ACTIVITY ->
Return the records word for word. Pictures do not belong in the copy.

EXTRACTED RECORDS ->

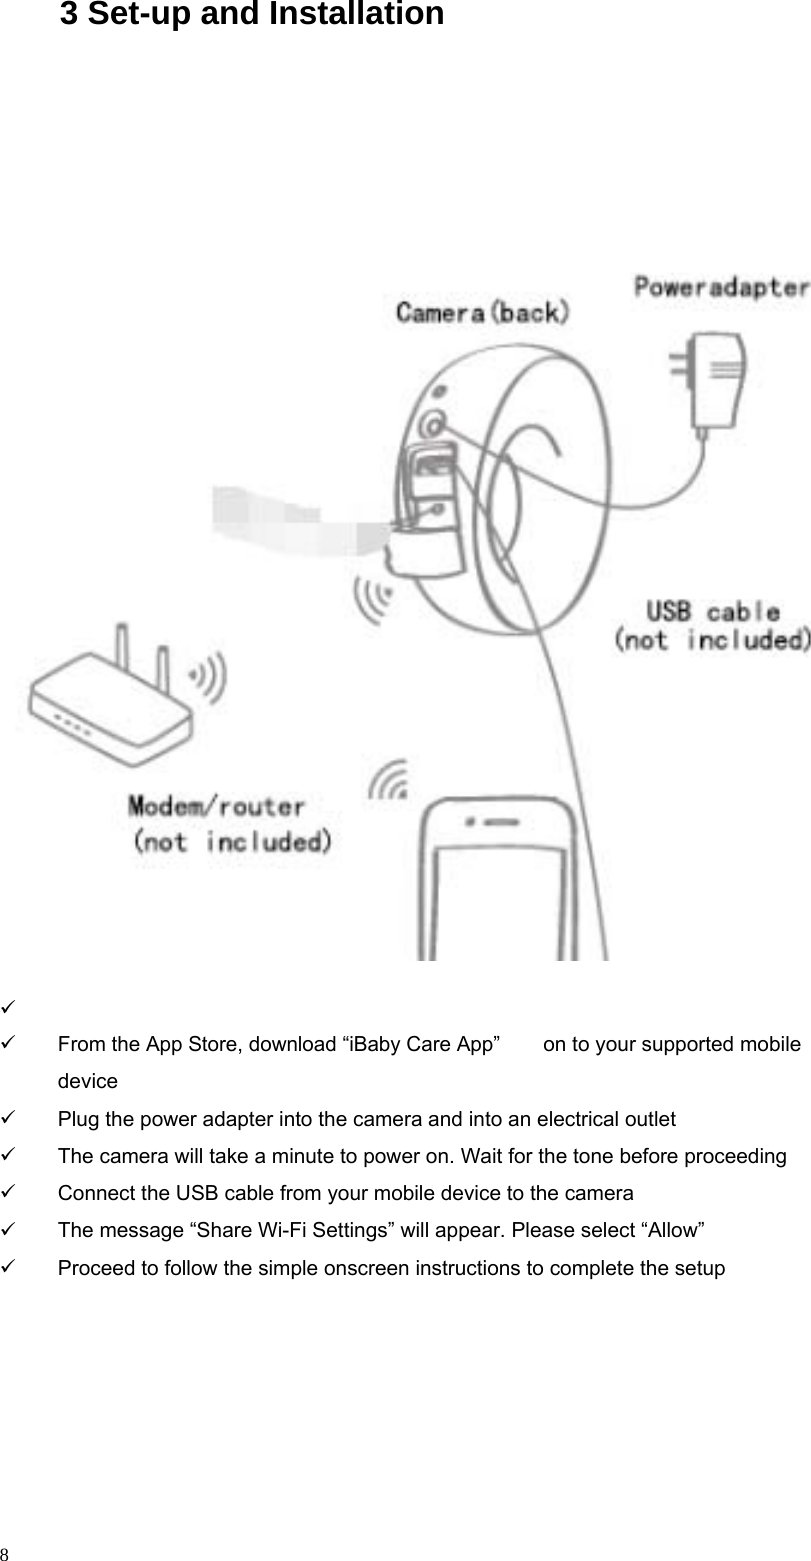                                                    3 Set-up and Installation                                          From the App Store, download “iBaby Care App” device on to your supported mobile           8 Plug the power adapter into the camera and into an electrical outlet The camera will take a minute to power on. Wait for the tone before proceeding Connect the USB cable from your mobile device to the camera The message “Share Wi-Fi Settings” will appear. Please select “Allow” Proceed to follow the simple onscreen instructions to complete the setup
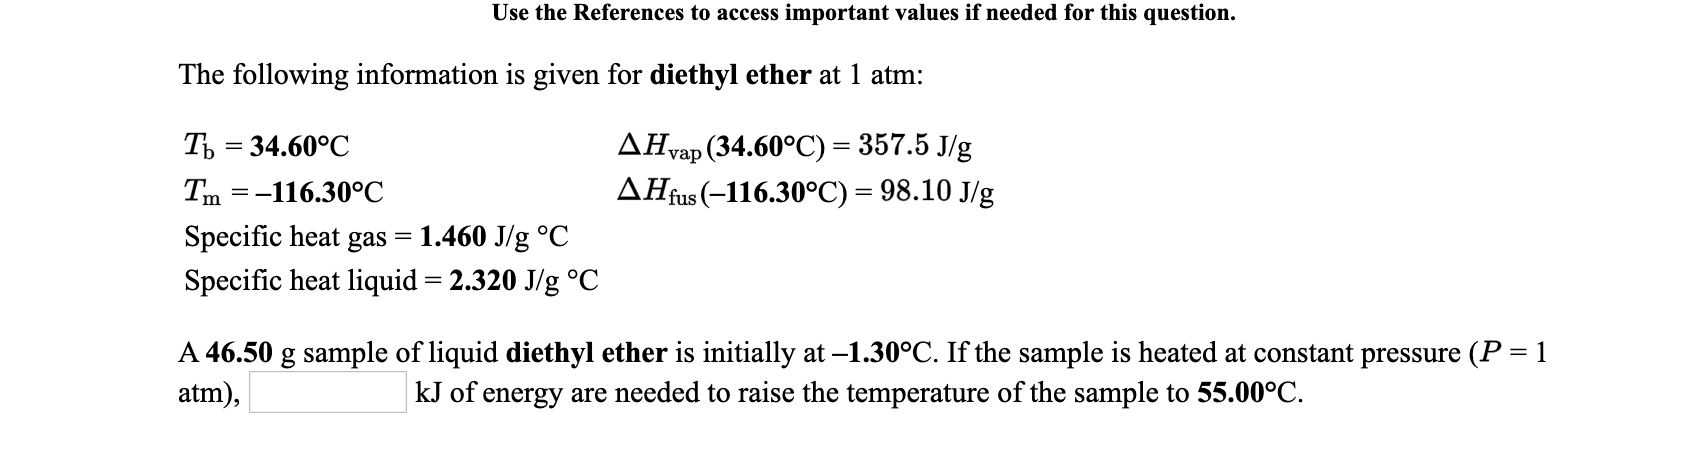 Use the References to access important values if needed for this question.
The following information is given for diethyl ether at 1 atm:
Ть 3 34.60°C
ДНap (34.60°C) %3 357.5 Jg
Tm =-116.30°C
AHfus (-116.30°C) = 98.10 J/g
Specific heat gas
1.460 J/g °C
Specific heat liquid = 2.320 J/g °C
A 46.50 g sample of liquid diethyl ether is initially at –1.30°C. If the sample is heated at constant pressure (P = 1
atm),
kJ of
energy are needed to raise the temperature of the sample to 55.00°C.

ANSWER BELOW ->
                                                    3 Set-up and Installation                                          From the App Store, download “iBaby Care App” device on to your supported mobile           8 Plug the power adapter into the camera and into an electrical outlet The camera will take a minute to power on. Wait for the tone before proceeding Connect the USB cable from your mobile device to the camera The message “Share Wi-Fi Settings” will appear. Please select “Allow” Proceed to follow the simple onscreen instructions to complete the setup
 Use the References to access important values if needed for this question.
The following information is given for diethyl ether at 1 atm:
Ть 3 34.60°C
ДНap (34.60°C) %3 357.5 Jg
Tm =-116.30°C
AHfus (-116.30°C) = 98.10 J/g
Specific heat gas
1.460 J/g °C
Specific heat liquid = 2.320 J/g °C
A 46.50 g sample of liquid diethyl ether is initially at –1.30°C. If the sample is heated at constant pressure (P = 1
atm),
kJ of
energy are needed to raise the temperature of the sample to 55.00°C.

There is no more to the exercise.